NuMALLOC_DEBUG

The MALLOC_DEBUG mechanism has been expanded to provide more functionality and in general be more useful to software developers. It retains backward-compatibility with the old MALLOC_DEBUG mechanism, but introduces the concept of levels of MALLOC_DEBUGging to give you access to more features (and, consequently, more runtime overhead) if you turn them on.

Debugging levels

You can enable different levels of memory debugging by assigning a number to the MALLOC_DEBUG environment variable instead of just setting it to "true". The debugging levels currently defined are as follows:
1
This is the same as the previous MALLOC_DEBUG functionality. If you use the old-style MALLOC_DEBUG=true definition, it will set the debugging level to 1 by default. You pay a memory penalty of 52 extra bytes per block for storing padding and debugging information, and a very small speed penalty for maintaining the extra information on block allocation and reallocation, and checking the information when the block is freed.

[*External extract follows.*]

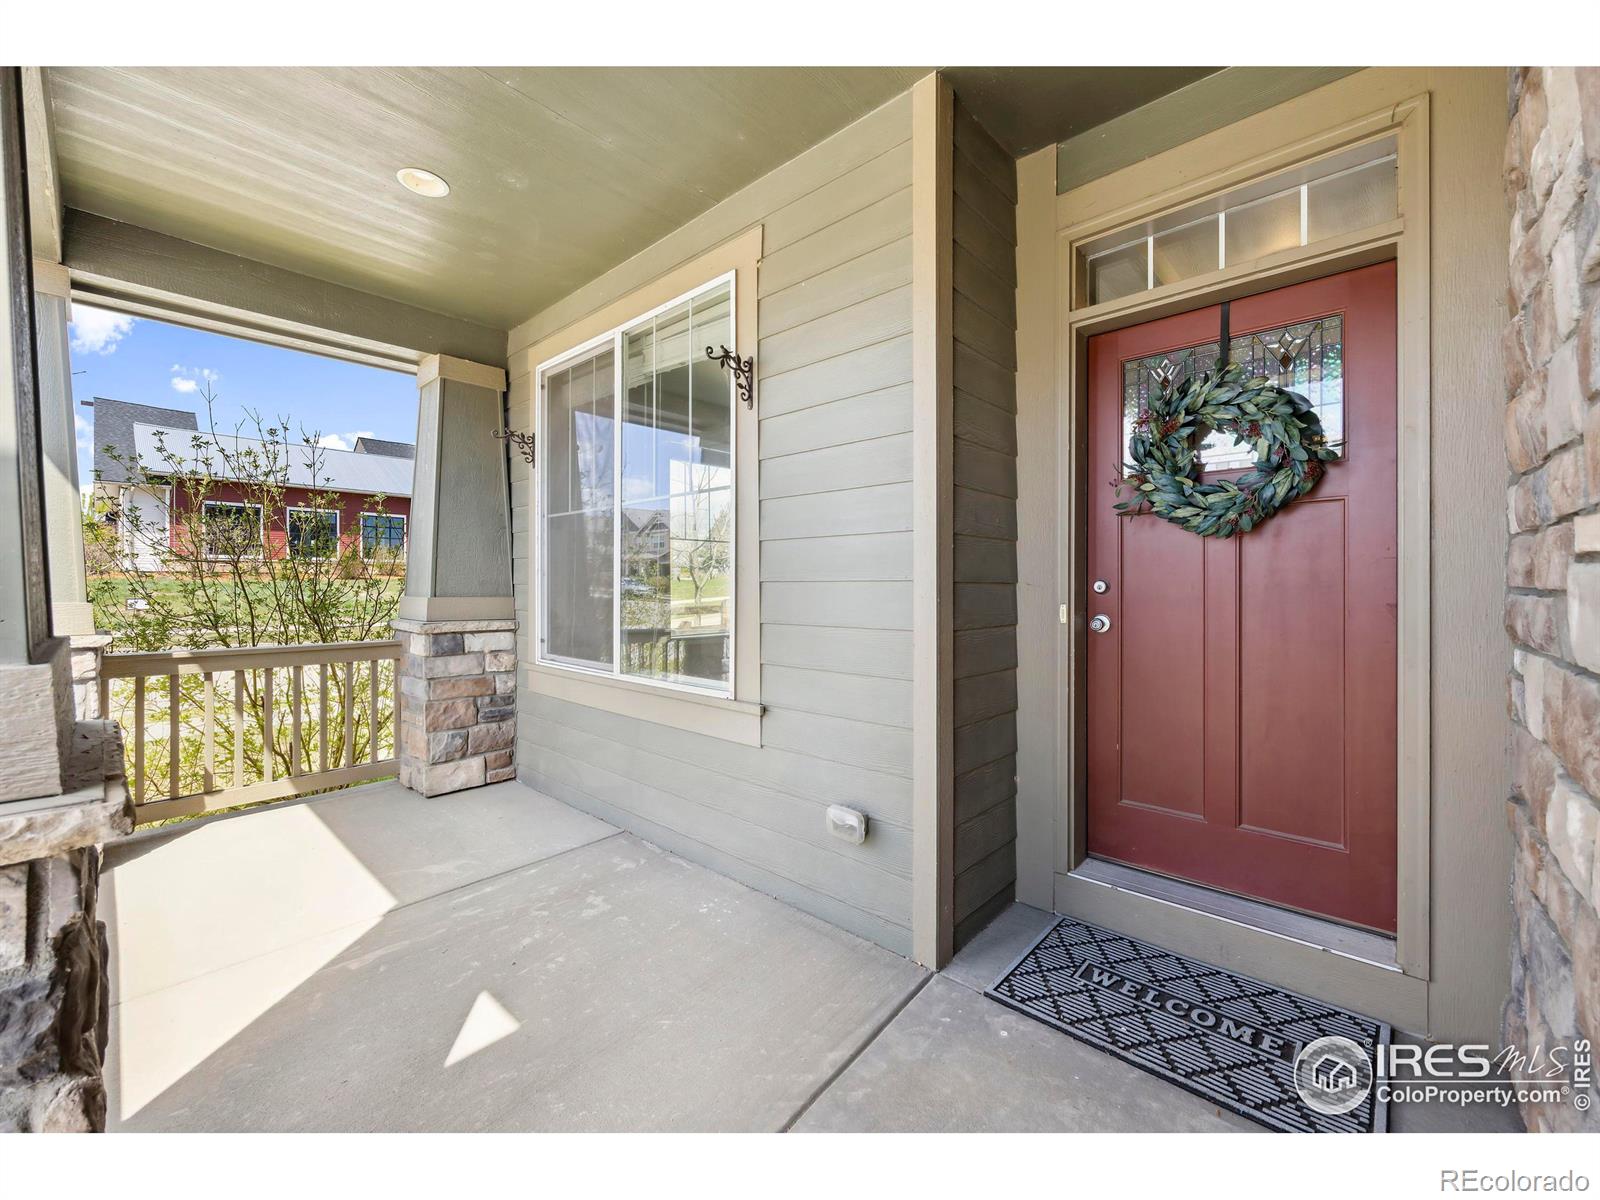 Report Image for 2148  Blackbird Drive,Fort Collins, Colorado

This level of debugging adds padding to the beginning and end of each block of memory to check, fills the block with garbage when initialized and after it is freed, and checks for the following errors, all of which are detected when (or if) the block is freed:

  • The block has been freed twice.
  • The program has written off the end of the block.
  • The program has written before the beginning of the block. (This may show up as a "bogus size" error.)
5
In addition to all of the checks that are performed for lower debugging levels, take an additional step to detect blocks that are written to after being freed. When a block is freed, instead of calling free() on it immediately, the block is filled with garbage and added to a "free list" where it will remain for some period of time. When the list becomes full, recent blocks push old blocks off of the list; the old blocks are checked to see they have been written to since being placed on the list, and are freed.

This list is fixed by number of blocks, and is not segregated by block size. You can adjust the size of the list through the environment variable MALLOC_DEBUG_FREE_LIST_SIZE; it is set to 1000 blocks by default.

The runtime speed penalty for this debugging option is minimal, as the allocator must perform minimal extra processing to maintain the list of freed blocks. The memory penalty will depend on the size of blocks that are present in the list and the amount of turnover in block allocation, but can be tuned by adjusting MALLOC_DEBUG_FREE_LIST_SIZE. It is recommended that this environment variable be kept to a reasonably high value so as to give your application as long a time as possible to write to the block before it will no longer be detected (or, worse, the application will write into memory now used by a different, freshly-allocated block).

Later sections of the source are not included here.